# DATASET:
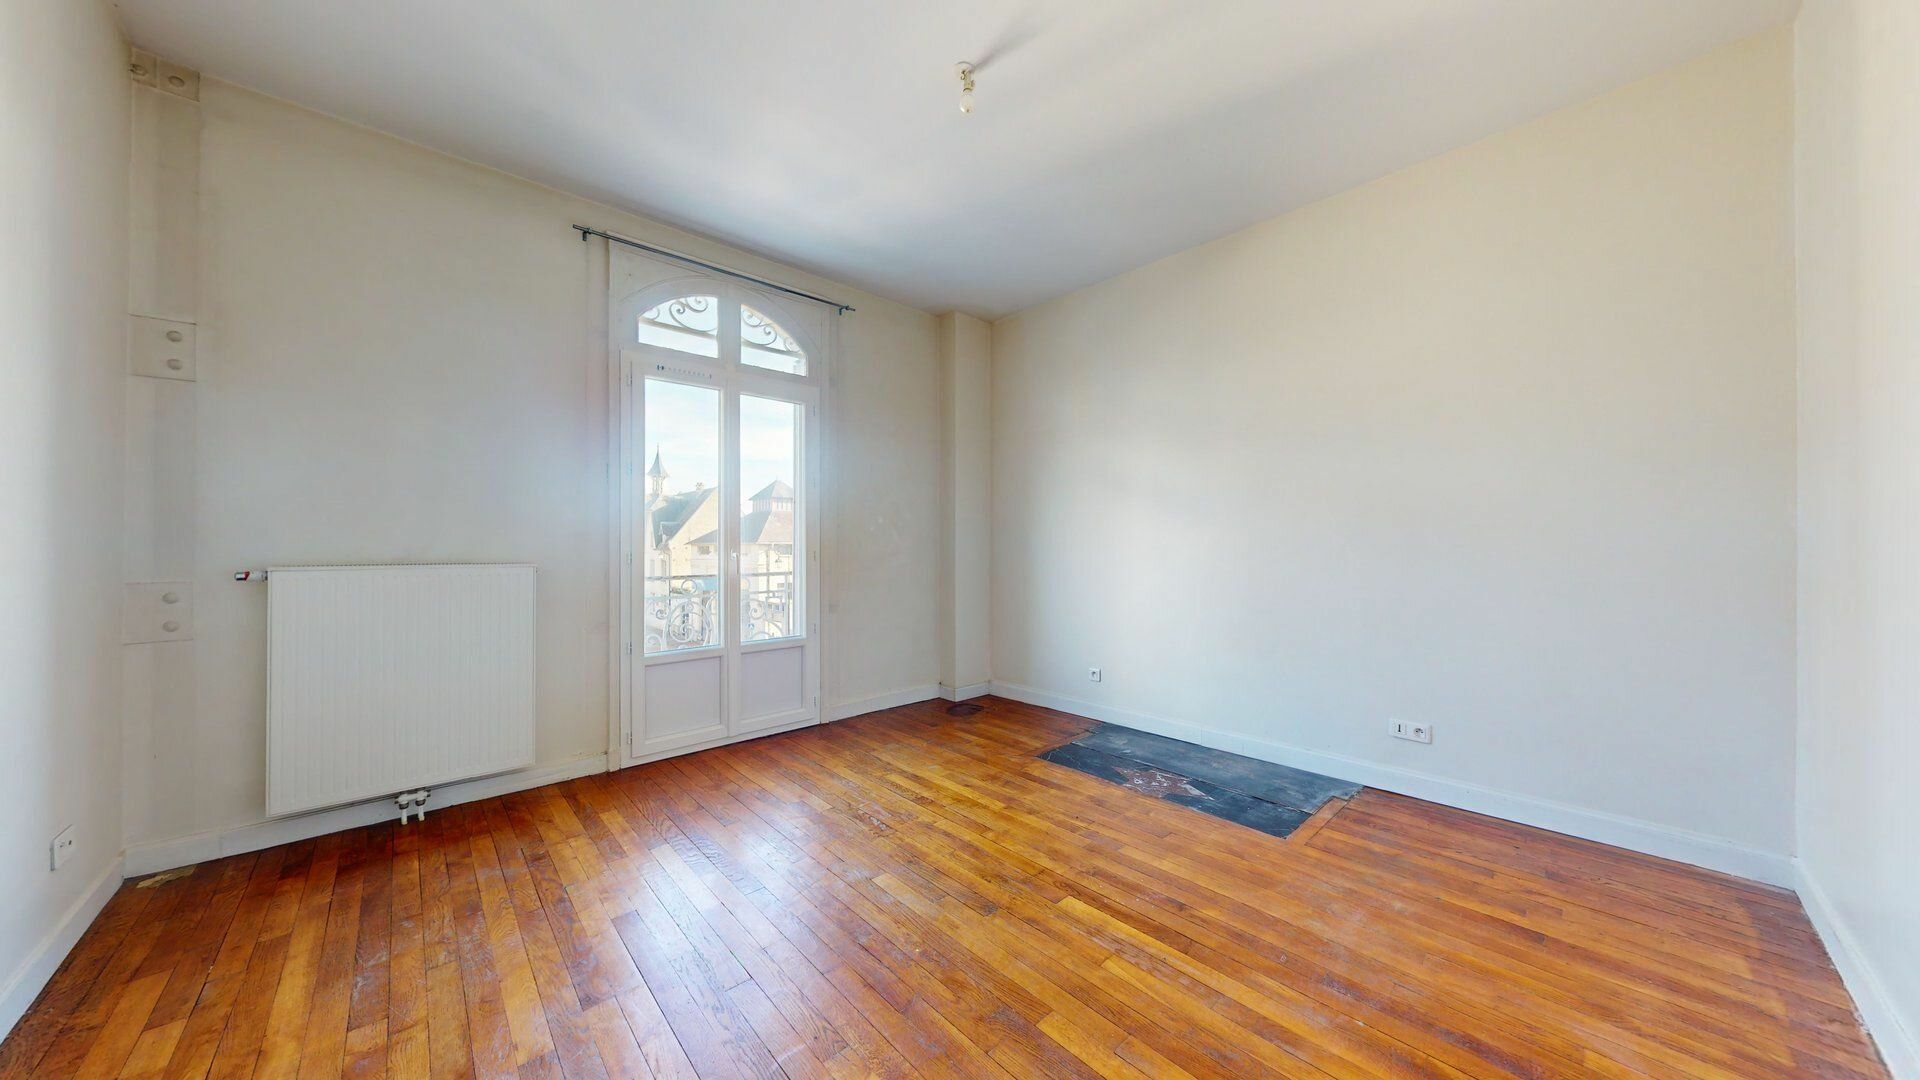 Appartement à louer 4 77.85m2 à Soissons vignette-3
...
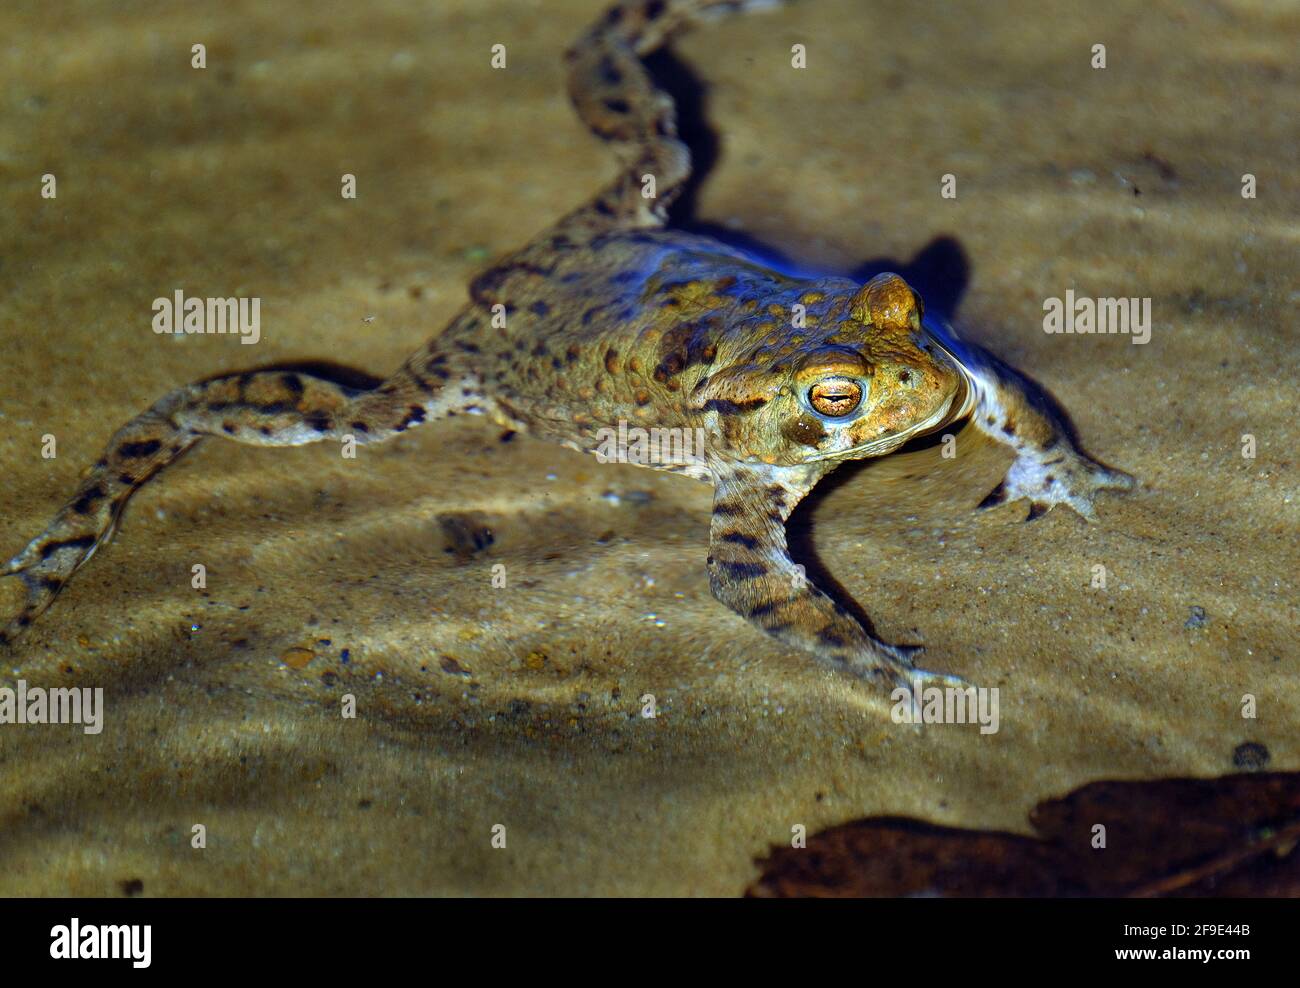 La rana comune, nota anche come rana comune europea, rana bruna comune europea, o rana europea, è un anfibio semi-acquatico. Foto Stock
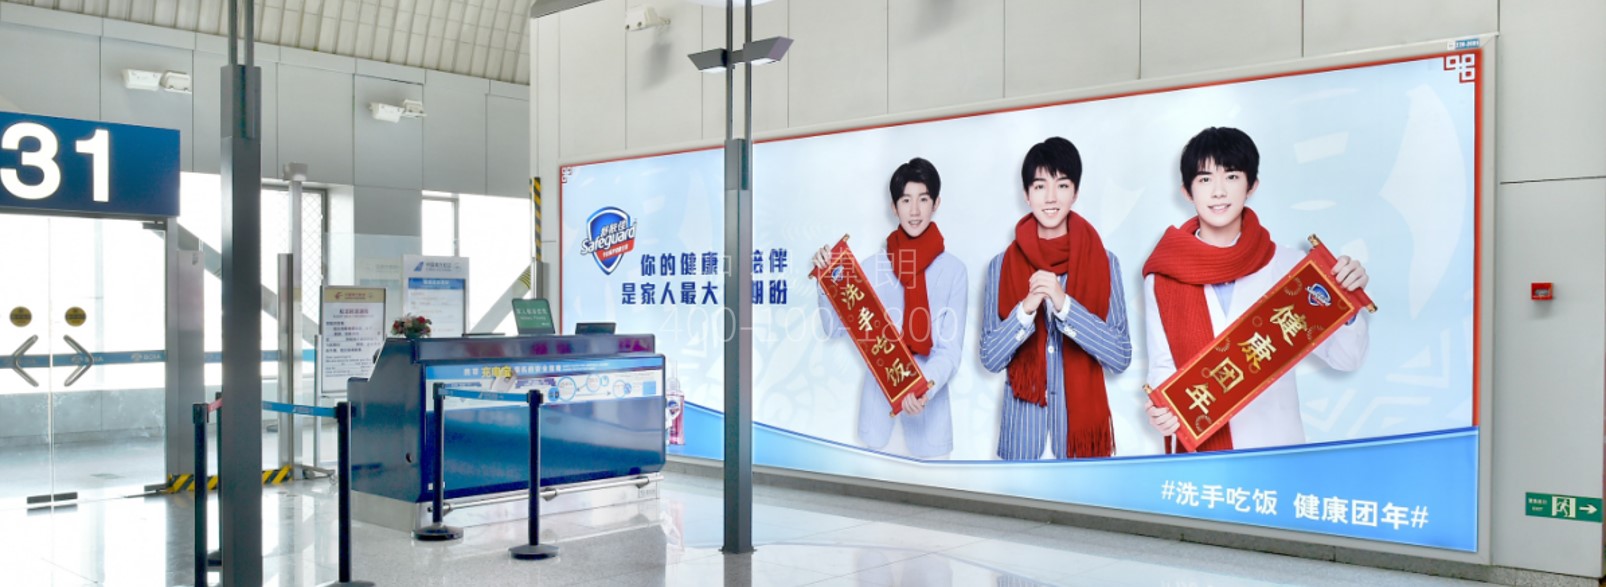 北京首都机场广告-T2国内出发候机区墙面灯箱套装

# TASK DETAILS:
Give again the stretch of lines above from the one with "La rana comune, nota" through the one with "北京首都机场广告-T2国内出发候机区墙面灯箱套装", both ends kept, and copy no pictures.

# TASK SOLUTION:
 La rana comune, nota anche come rana comune europea, rana bruna comune europea, o rana europea, è un anfibio semi-acquatico. Foto Stock
 北京首都机场广告-T2国内出发候机区墙面灯箱套装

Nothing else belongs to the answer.